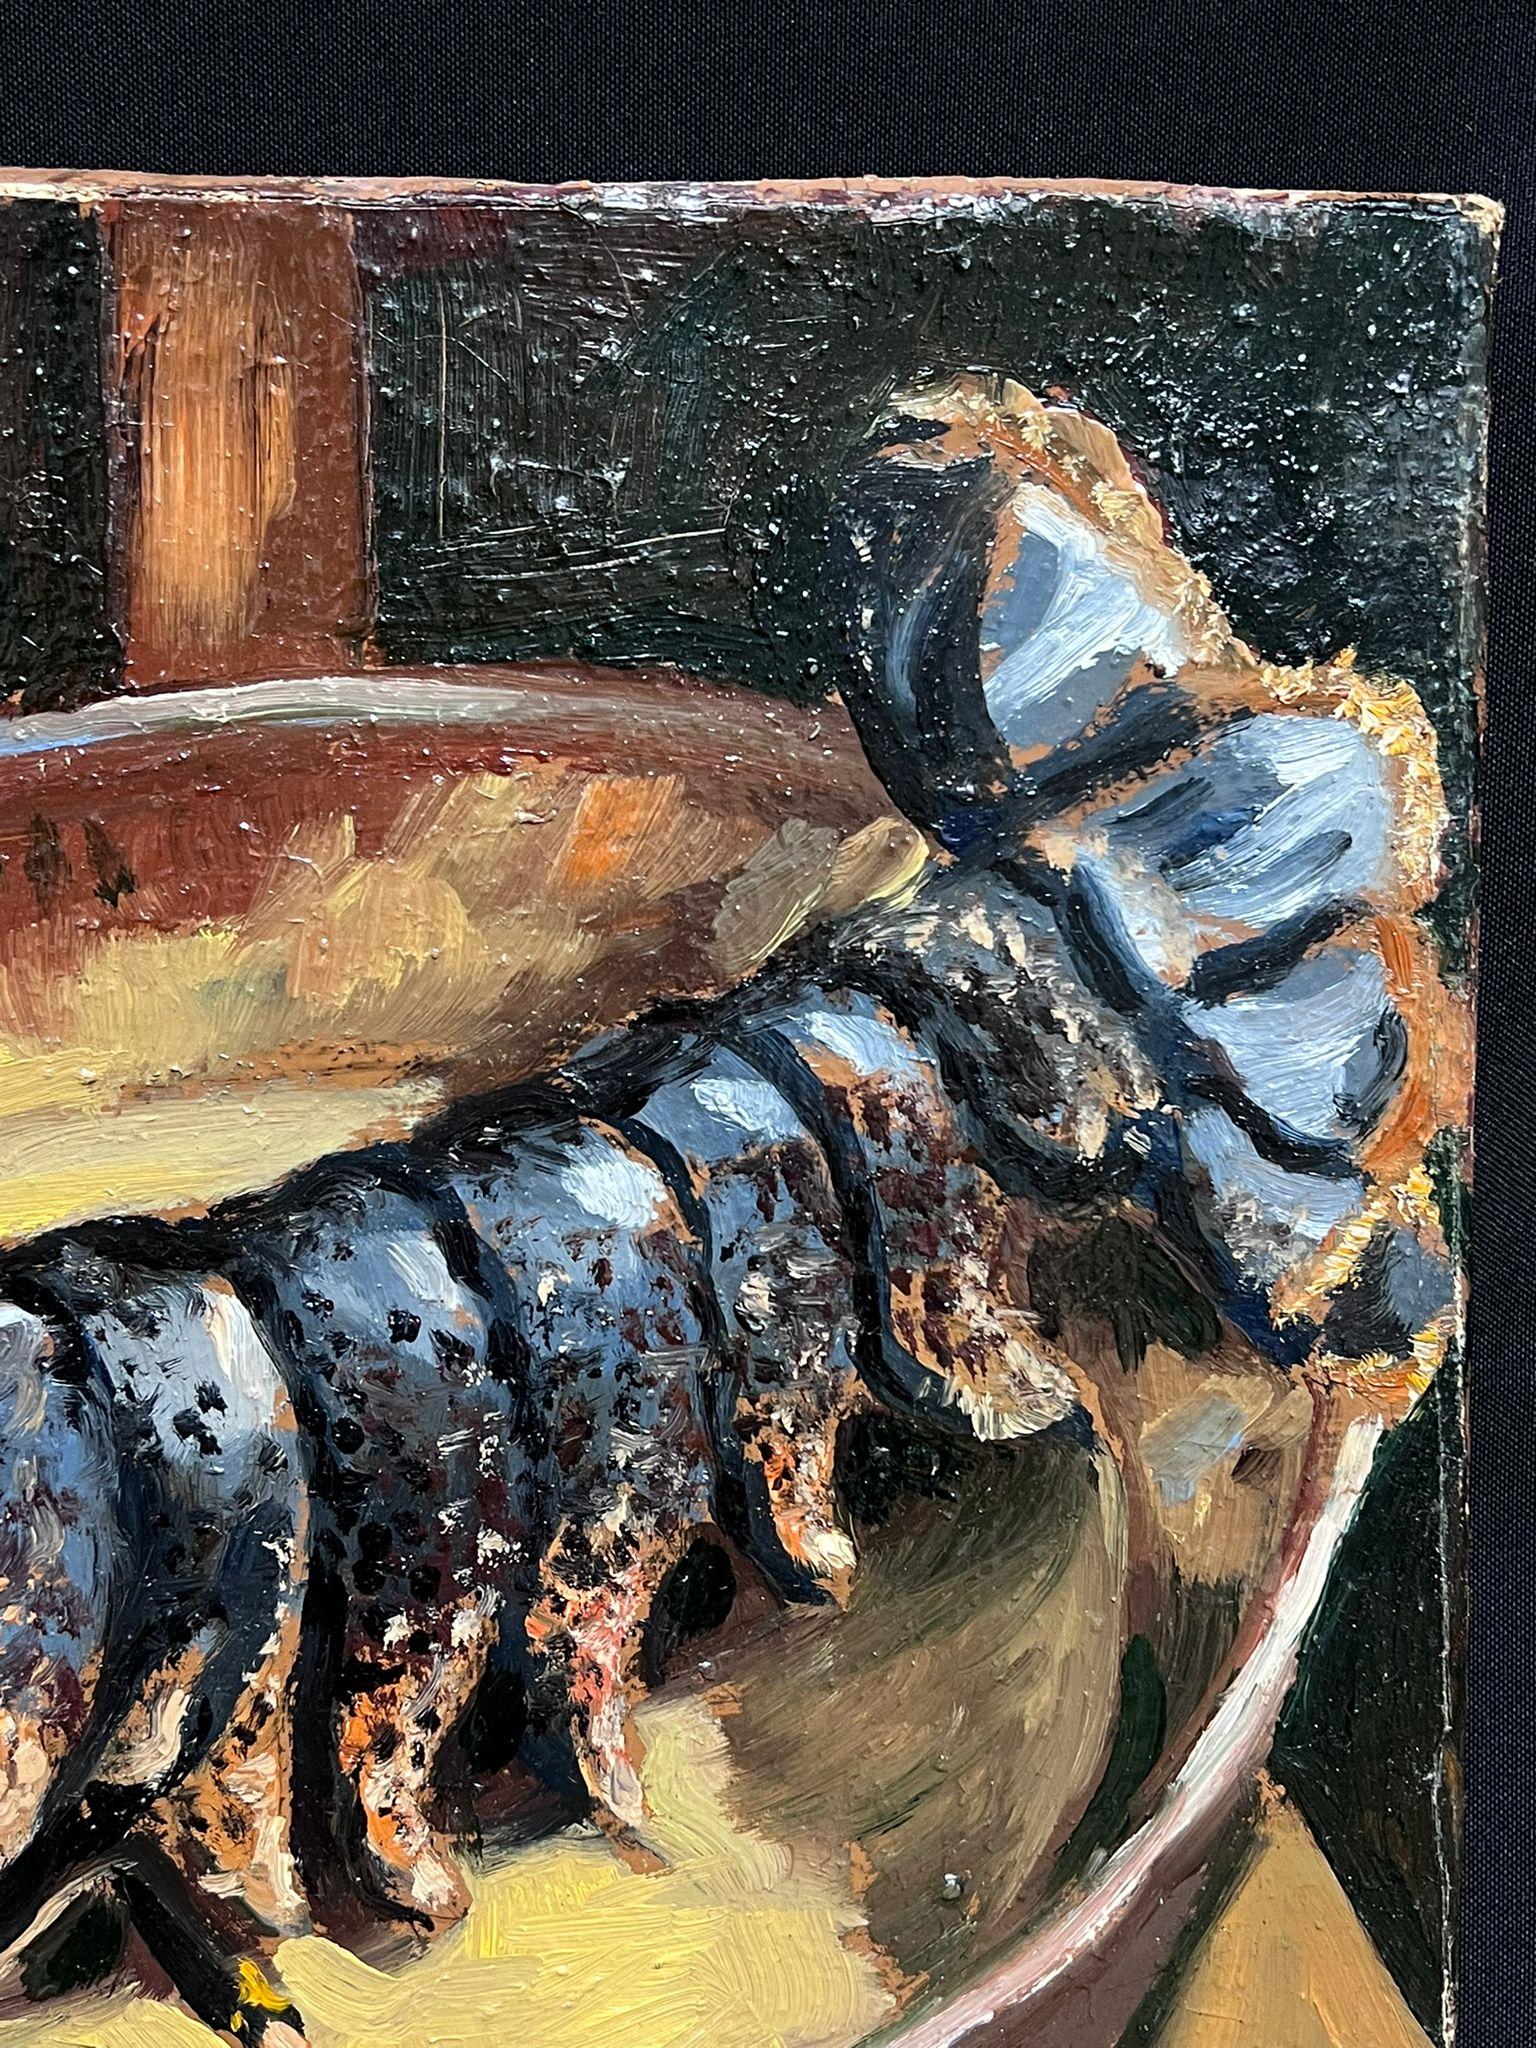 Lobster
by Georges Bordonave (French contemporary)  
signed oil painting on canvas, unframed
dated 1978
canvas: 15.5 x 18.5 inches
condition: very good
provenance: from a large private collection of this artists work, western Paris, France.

» Task prompt
Which lines hold the word "canvas"? Return all of them from the records above.

» Expected answer
signed oil painting on canvas, unframed
canvas: 15.5 x 18.5 inches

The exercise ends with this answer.